Lo que vemos

¡Ay, cómo puede una equivocarse tanto!…
Lamentación y queja muy escuchada, sobre todo en boca de mujeres que aún siguen buscando tras demasiadas decepciones (pre/in/post matrimonio). A mí me cuesta escuchar esas quejas (mejor: ese género de quejas, del cual este no es más que un ejemplo) con simpatía, siquiera con paciencia; acaso falta de caridad, experiencia o compresión de mi parte. El caso es que, como ya he dicho alguna vez, cuando oigo frases sobre «rehacer la vida» no puedo dejar de recordar que el quiera salvar su vida la perderá; y cuando veo que alguien reivindica (implícitamente o no) su «derecho a ser feliz», y concibe esa empresa en términos individuales, no puedo dejar de recordar la resonancia social que decíamos la otra vez; y cuando se usa la palabra «amor» (o peor: enamoramiento) en tales casos (y en boca de gente… adulta)… se me retuercen las tripas, qué vamos a hacerle.
«Yo merezco algo mejor que esto.» Yo, yo, yo
Sí, puede que esto no sea suficiente explicación. Puede que esta batalla esa más difícil de lo que mi inexperiencia y mi comodidad pueden hacerme vislumbrar; puede que -si de matrimonio hablamos- aquello de Tolkien no sea respuesta suficiente; o que -si de vida y cosmos hablamos- la insatisfacción sea justa, y la «búsqueda de felicidad», difícil y meritoria. Todo puede ser; todo puedo creerlo. O casi todo. Difícilmente creeré que nuestro tiempo sea más sabio que los pasados, en estos aspectos; y, menos, que nuestras modernas y abundantes experiencias nos hagan ingenuas las palabras del evangelio y su concepción -y su mandato- del amor. Y por eso —y porque en un sermón dominical difícilmente uno aprenda algo al respecto—, copio un trozo de un sermón de Kierkegaard sobre la epístola de Juan. (De más está decir -pero igual lo decimos- que no se trata específicamente del amor conyugal).
… Nuestro deber es amar a los hombres que vemos; por eso, tenemos que renunciar en primer lugar a todas las representaciones imaginarias y exageradas, relativas a un mundo de sueños en que sería preciso ir a buscar y hallar el objeto del amor; es decir, que a fuer de sinceros hemos de conquistar la realidad y la verdad, procurando encontrarnos y permanecer en el mundo de la realidad misma, que es el campo de acción que se nos ha encomendado.

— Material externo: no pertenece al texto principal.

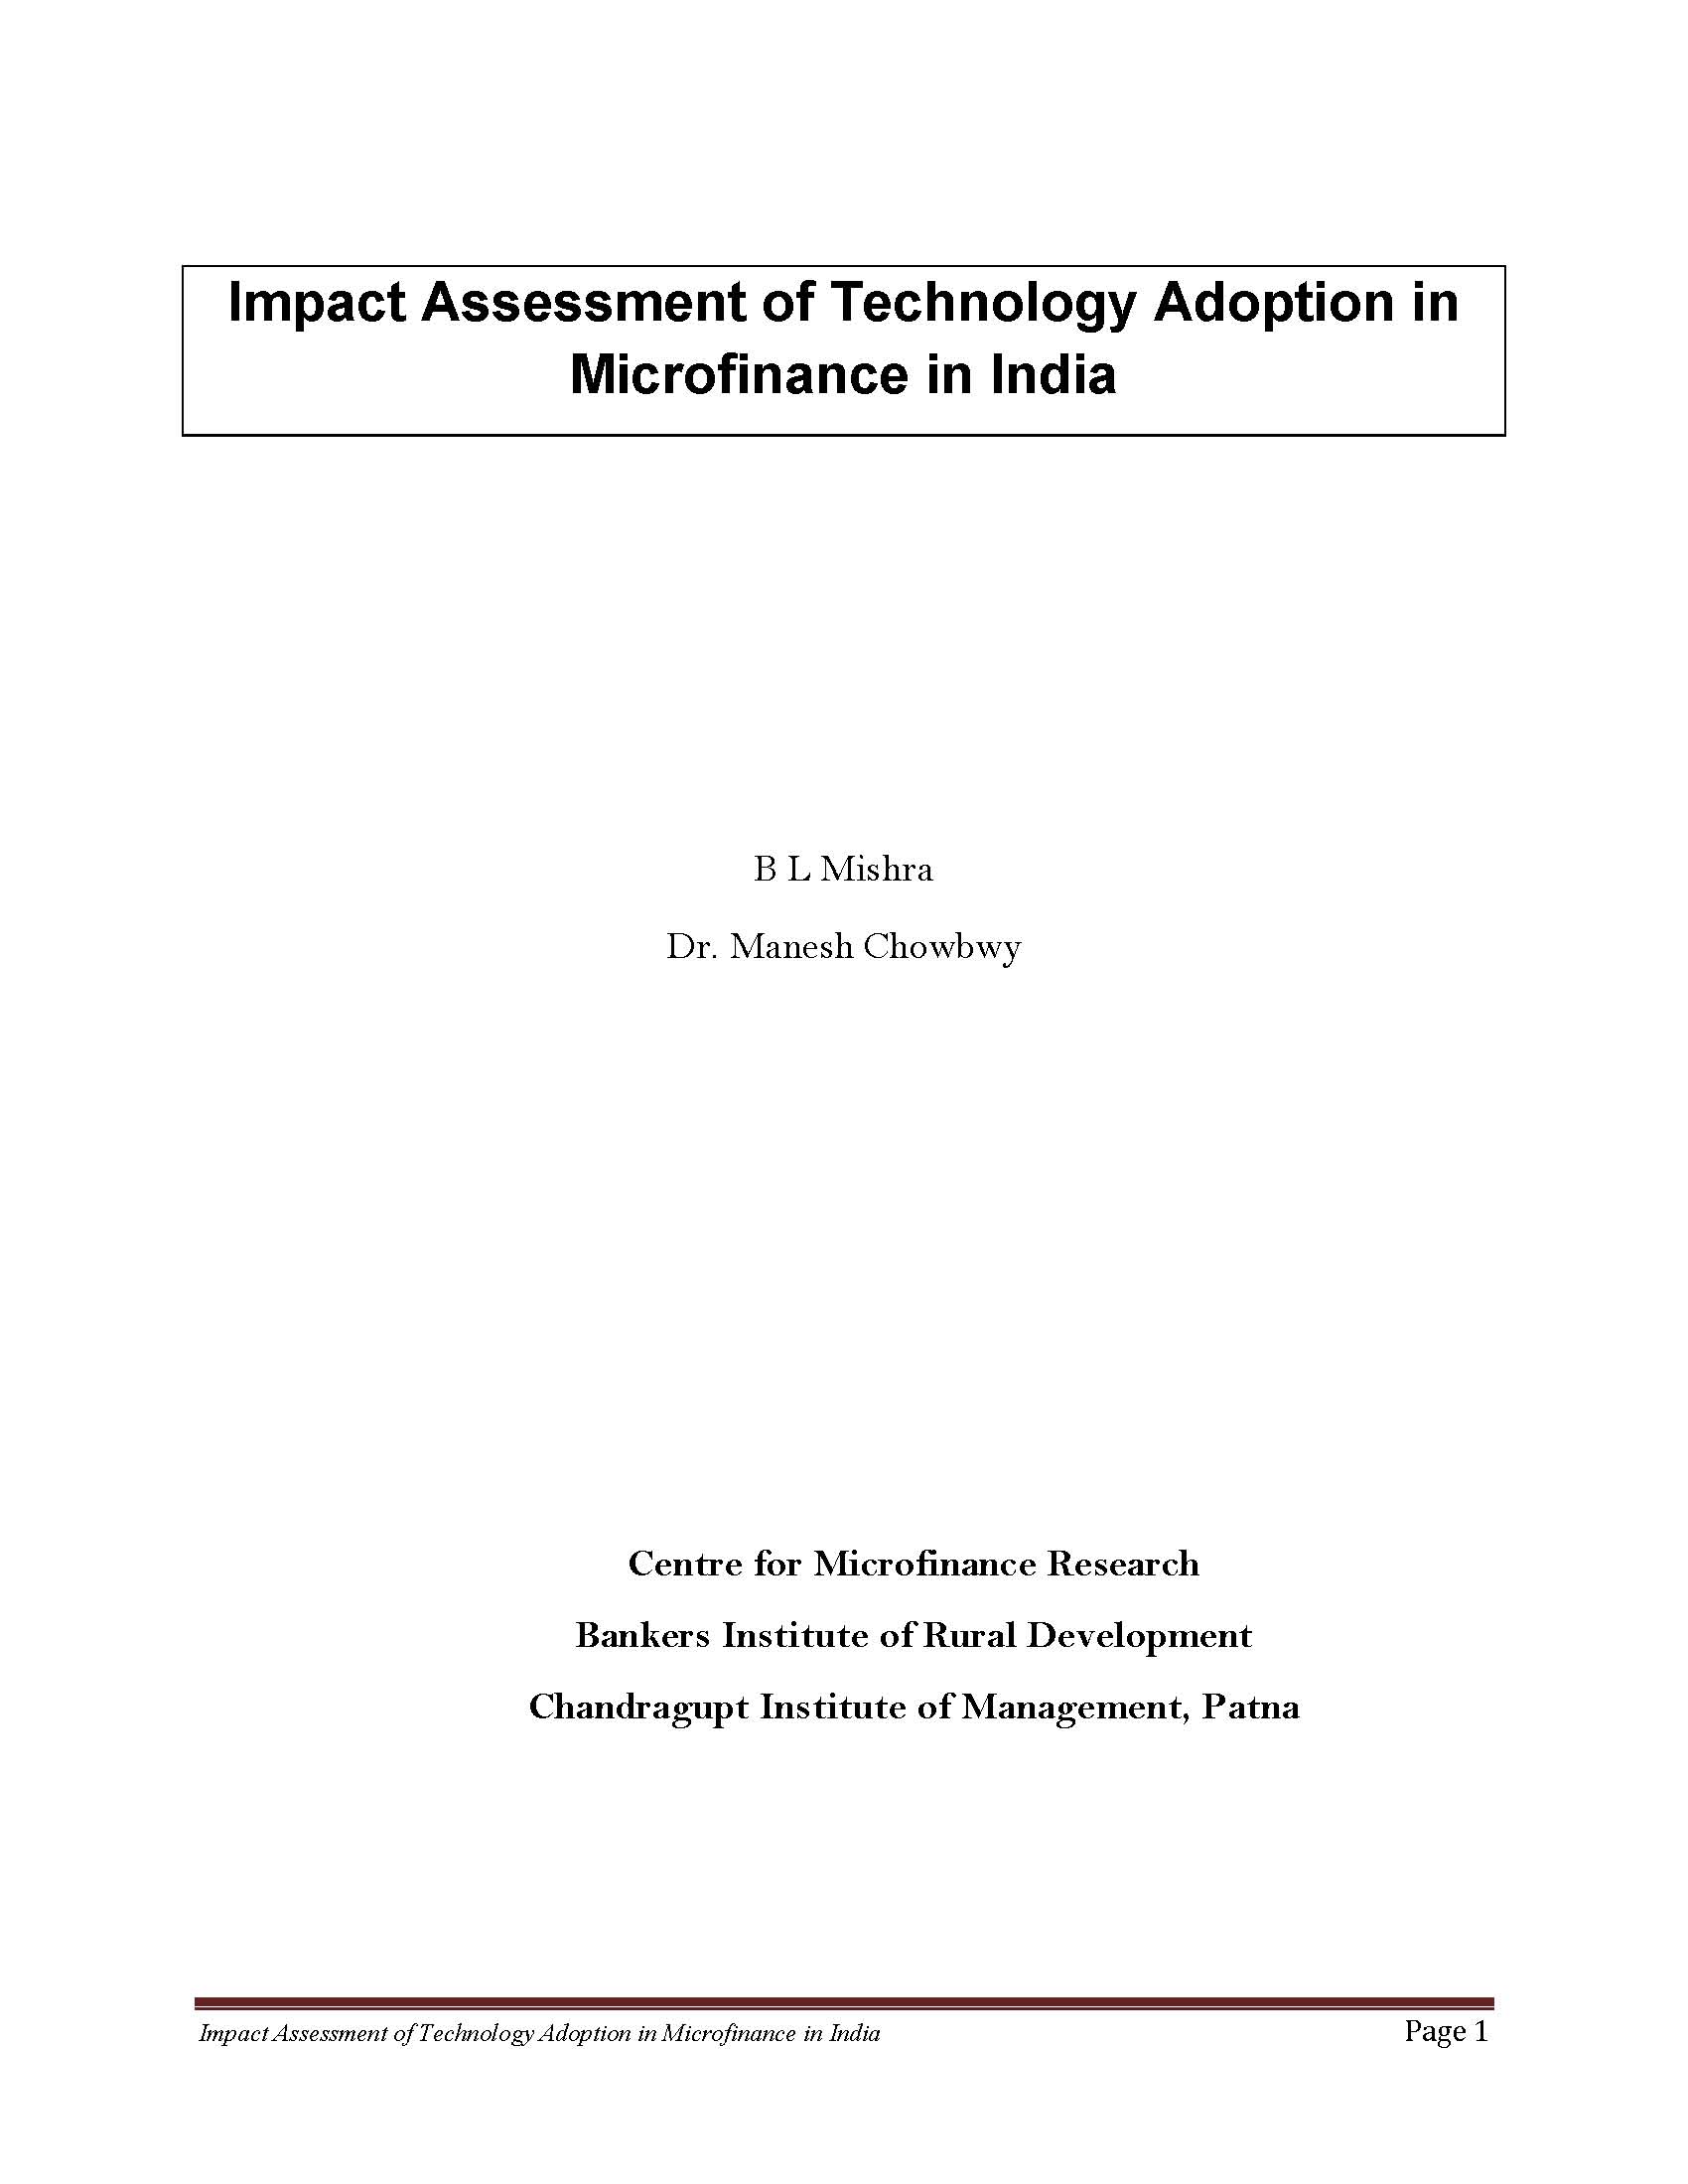 Impact Assessment of Technology Adoption in Microfinance in India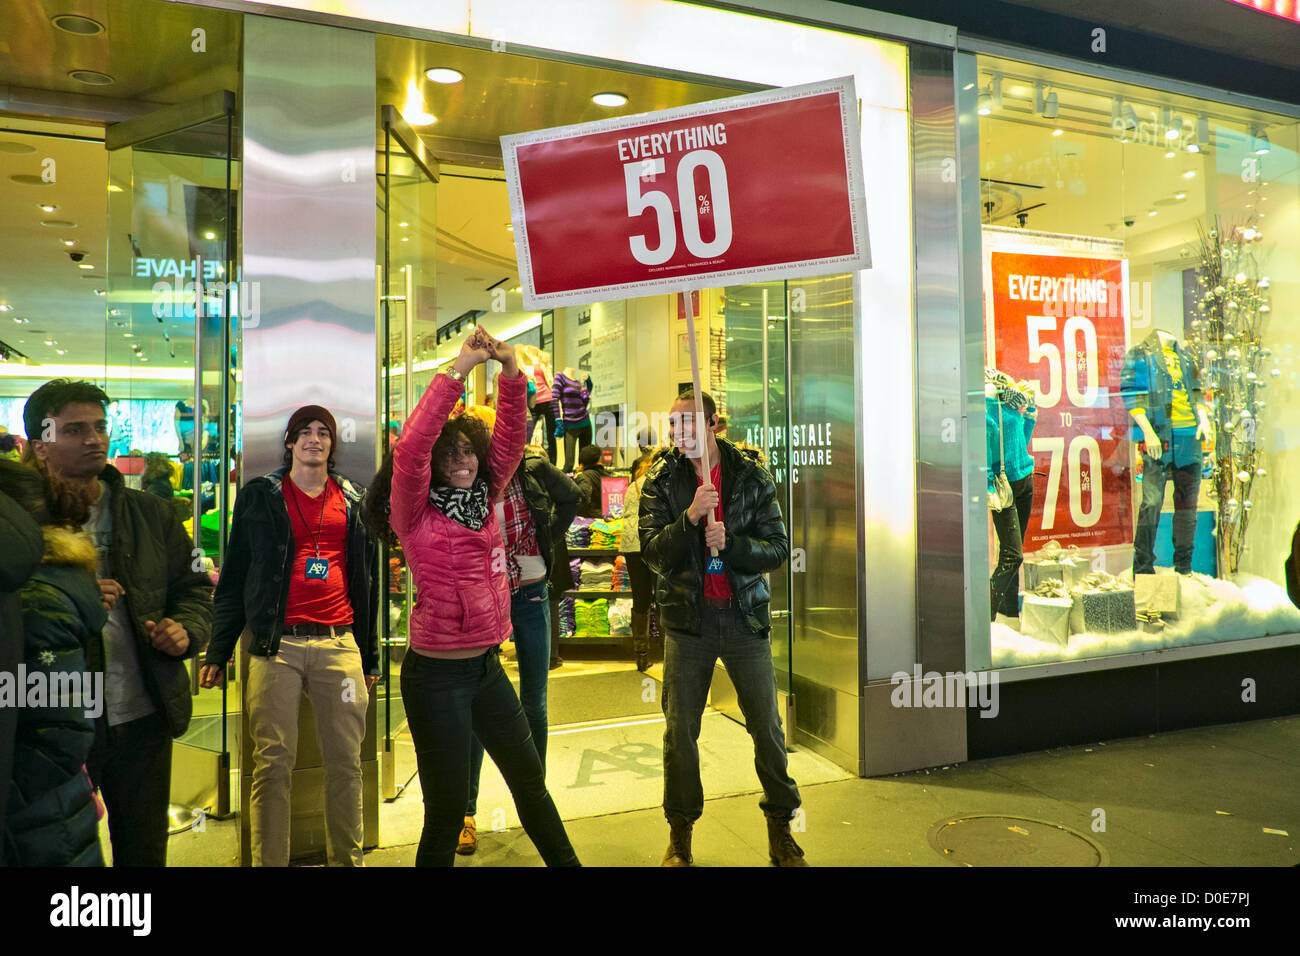 November 22, 2012, New York, NY.  A young woman dances in front of signs advertising 50% off at the Aeropostale store in New York's Times Square, which, like many stores, was open on the Thanksgiving Day holiday Stock Photo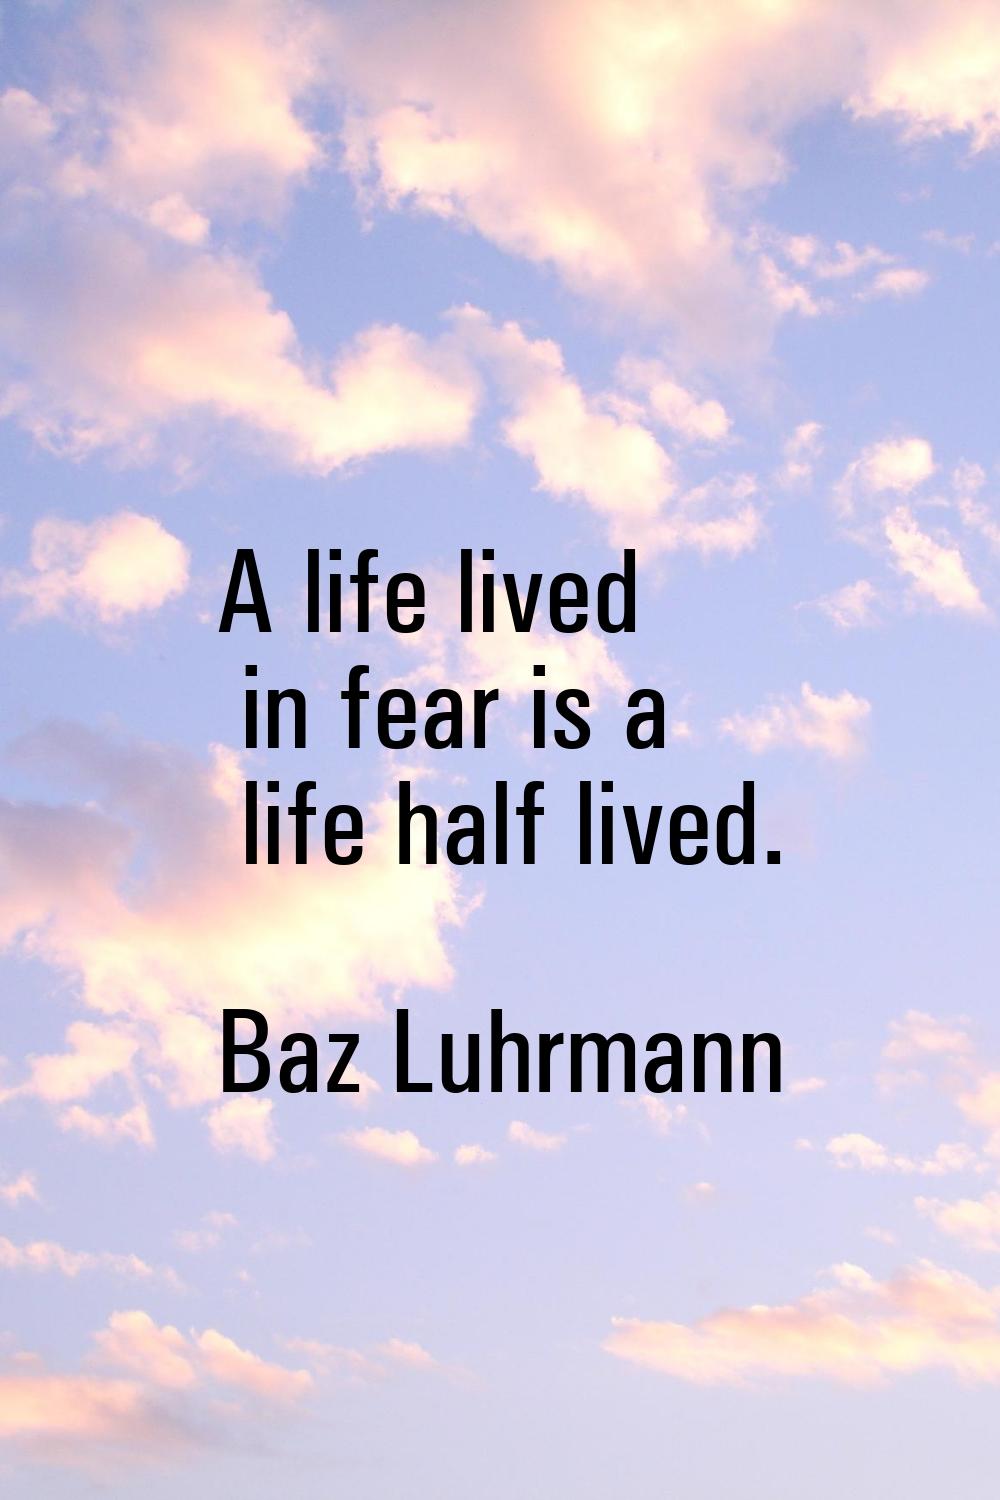 A life lived in fear is a life half lived.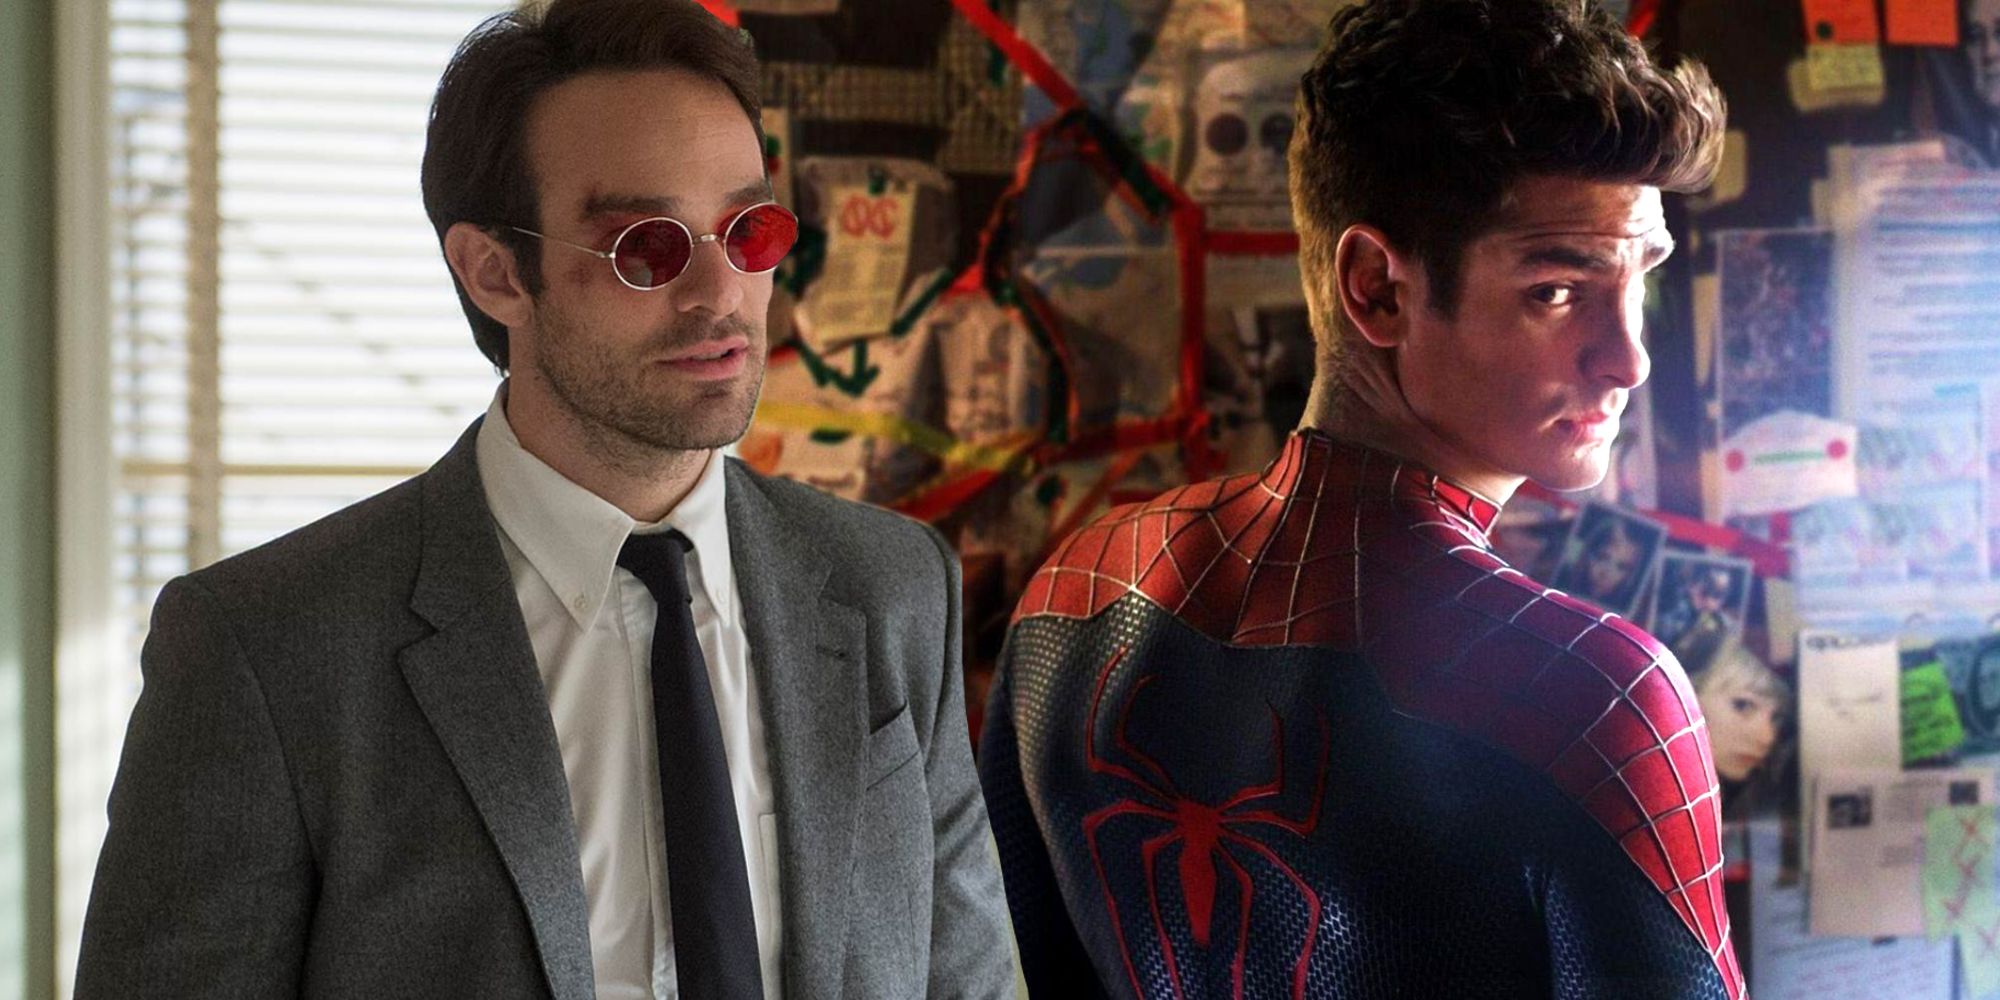 Andrew Garfield Reacts To Charlie Cox Mocking His Spider-Man In Video

La más peligrosa escapatoria respecto del amor es la de pretender amar exclusivamente lo que no se ve, o lo que nunca se ha visto. Esta escapatoria es tan etérea que sobrevuela por completo toda la realidad, y es tan embriagadora que fácilmente le tienta y le hace imaginar a uno mismo que se trata de la forma más alta y perfecta del amor.
Desde luego que pocas veces se les ocurre a los hombres decir despropósitos, cínicamente, respecto del amor; en cambio, es muy frecuente el engaño en que los hombres se meten a sí mismos, apartándose realmente del amor; y esto precisamente porque hablan de una manera demlsiado etérea de lo que es amar y el amor. Esto tiene una raíz mucho más profunda de lo que se piensa, pues de lo contrario no se habría afianzado tanto esa confusión por la que los hombres llaman una desgracia a lo que no es más que una culpa propia: la de no encontrar ningún objeto adecuado a su amor. De este modo lo único que hacen es impedirse más y más el poder hallarlo; pues si empezasen por caer en la cuenta de que era por su propia culpa, entonces lo encontrarían con toda seguridad.
Comúnmente se tiene una concepción del amor según la cual éste equivale a los ojos abiertos de la admiración que buscan las ventajas y perfecciones. Y así, lo más natural es que en seguida vengan los lamentos de que ha buscado en vano.
No nos toca decidir hasta qué punto el individuo tiene aquí razón o no la tiene; es decir, si en realidad no encuentra las ventajas y perfecciones dignas de amor que va buscando, o si más bien confunde esa búsqueda con un afán de exquisiteces que es incapaz de encontrar nada a su gusto. No, no es nuestro deseo terciar en esta disputa que no hace sino moverse dentro de los límites de la aludida concepción común del amor, ya que toda esta concepción no es más que un extravío, pues el amor está mejor descrito como los ojos cerrados de la indulgencia y la mansedumbre, que no ven los defectos ni las imperfecciones.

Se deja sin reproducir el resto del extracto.